## Exercise objective
Once the pictures are removed, restate the listing word for word.

## Stored data
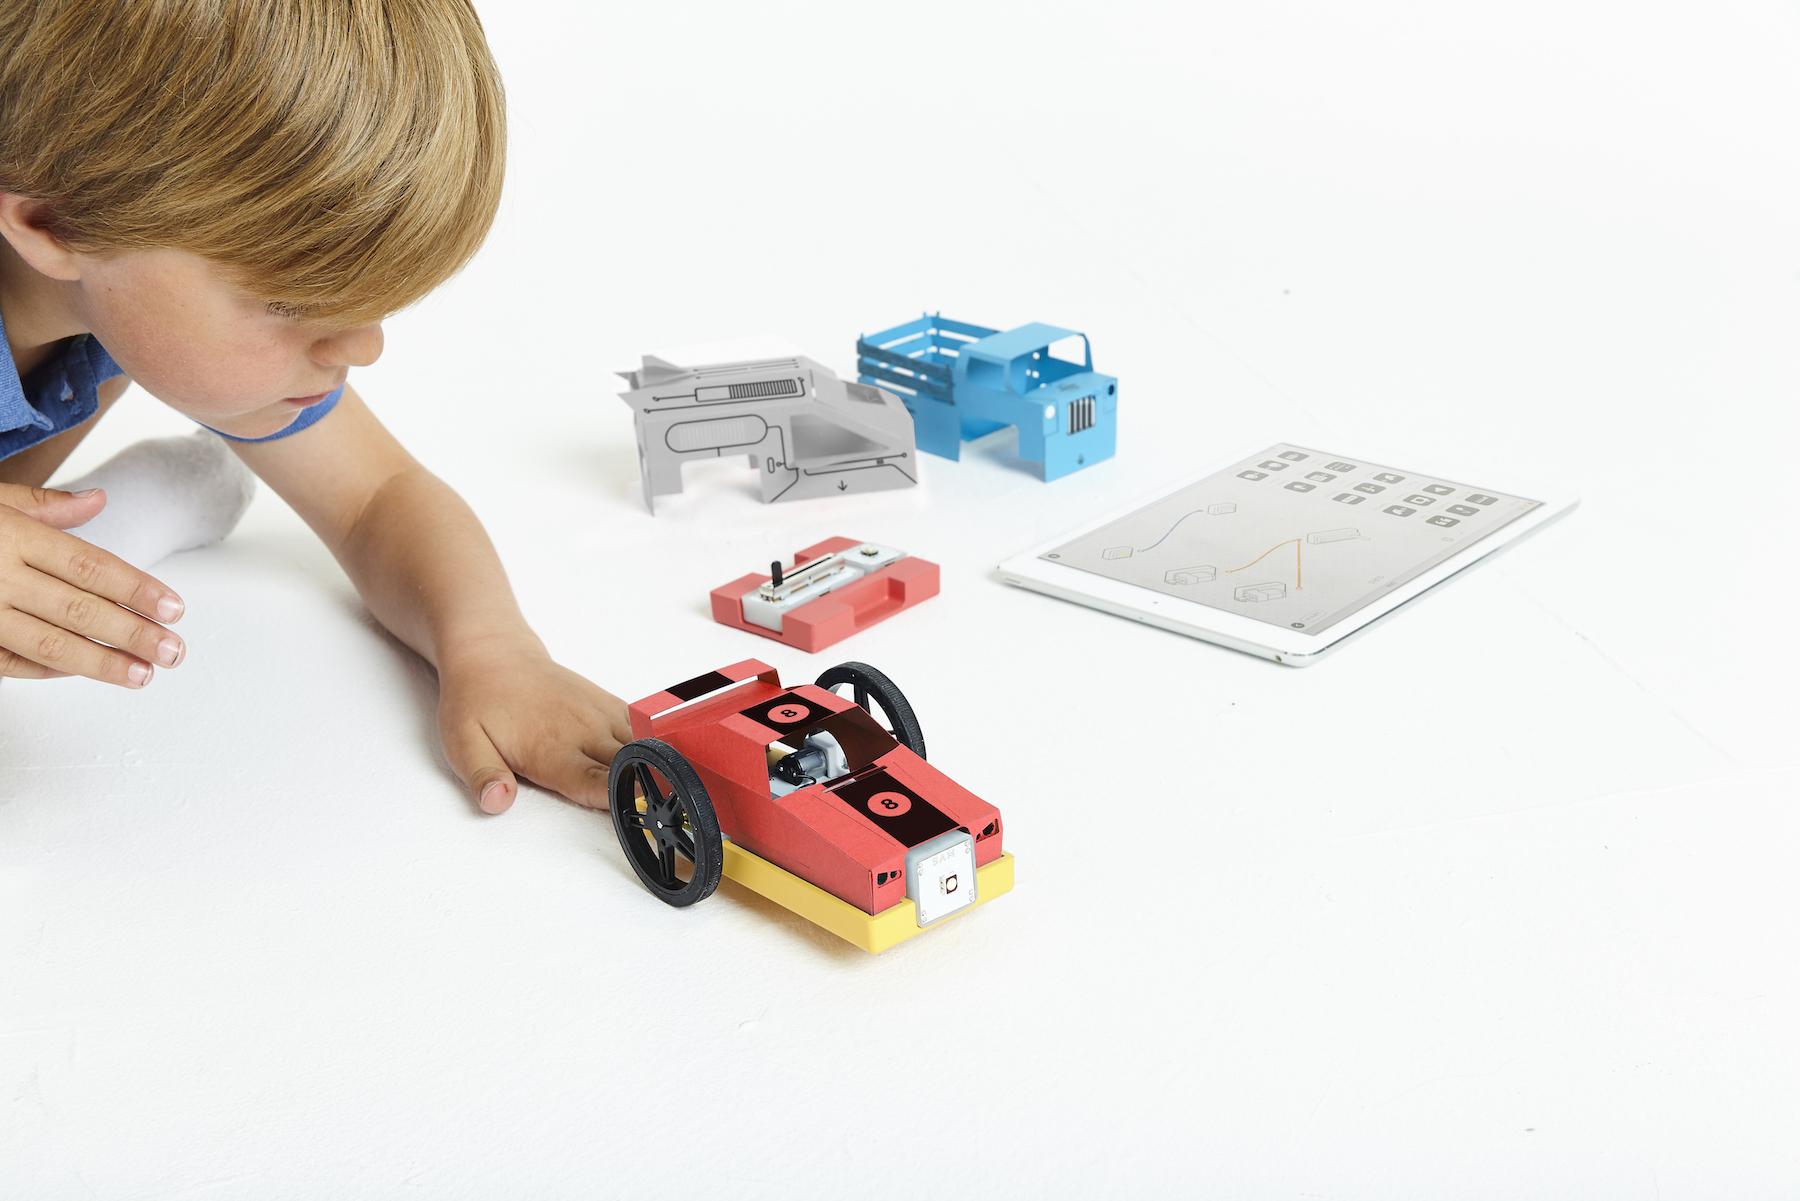 Sam's Curious Cars: Modulare ferngesteuerte Rennwagen bauen - Curio in der Anwendung (Bild: Sam Labs)
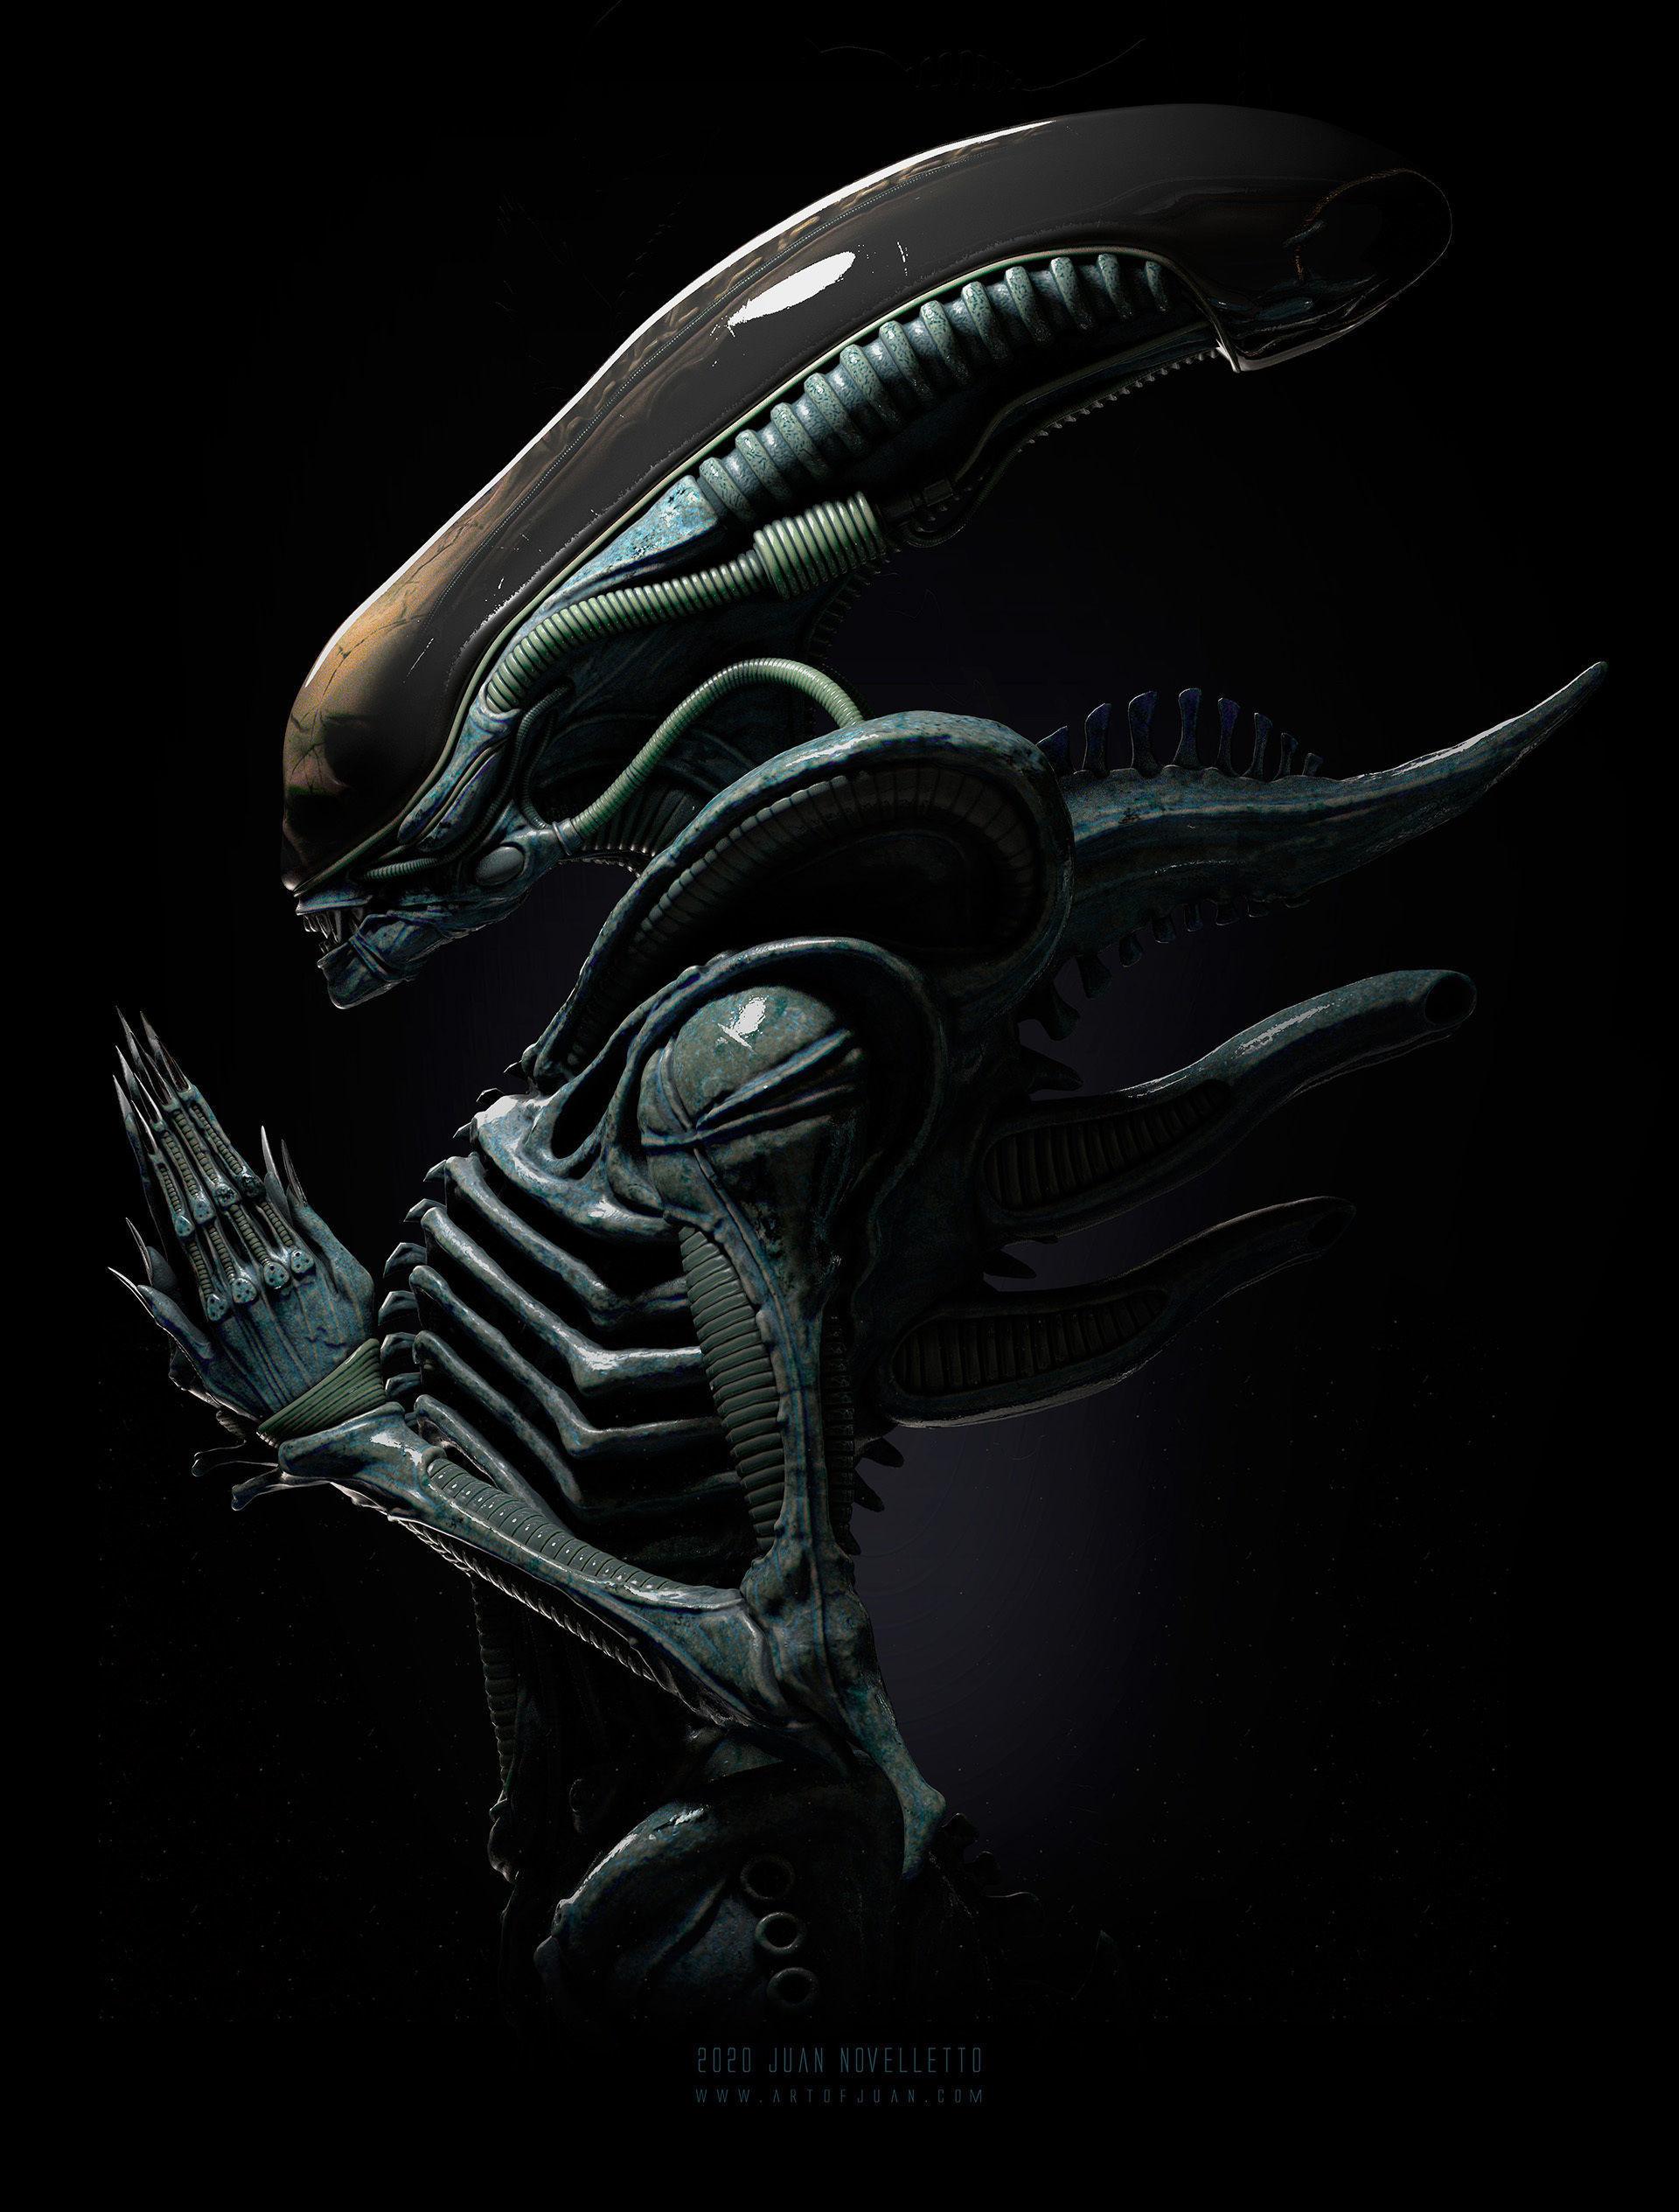 Alien Xenomorph 3D model ready for printing
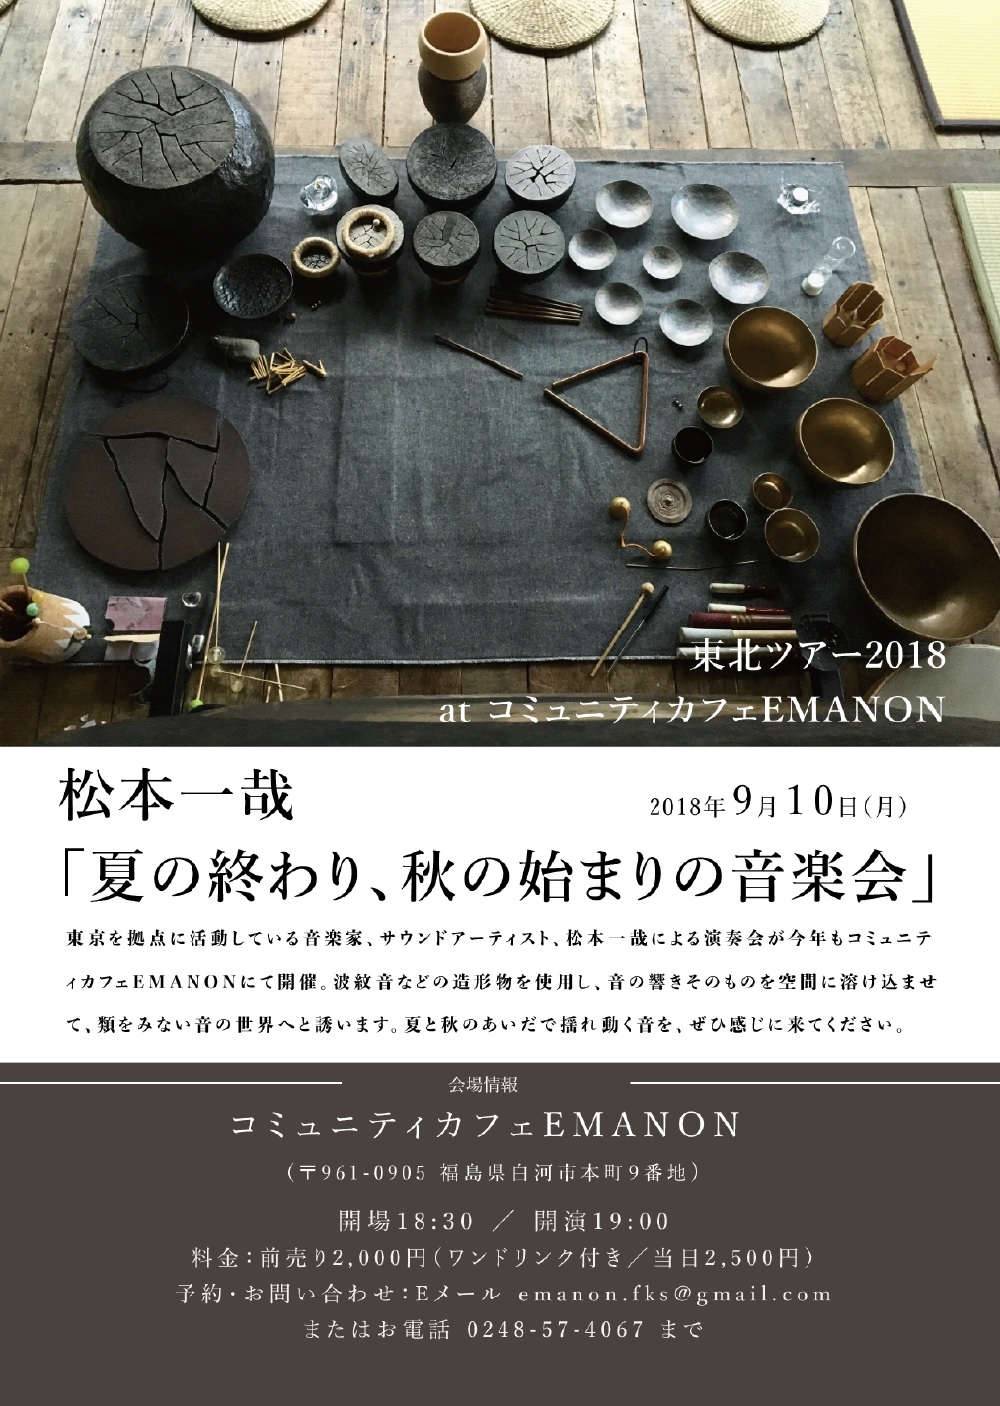 matsumoto_kazuya180910-1

## Output below
 Sam's Curious Cars: Modulare ferngesteuerte Rennwagen bauen - Curio in der Anwendung (Bild: Sam Labs)
 Alien Xenomorph 3D model ready for printing
 matsumoto_kazuya180910-1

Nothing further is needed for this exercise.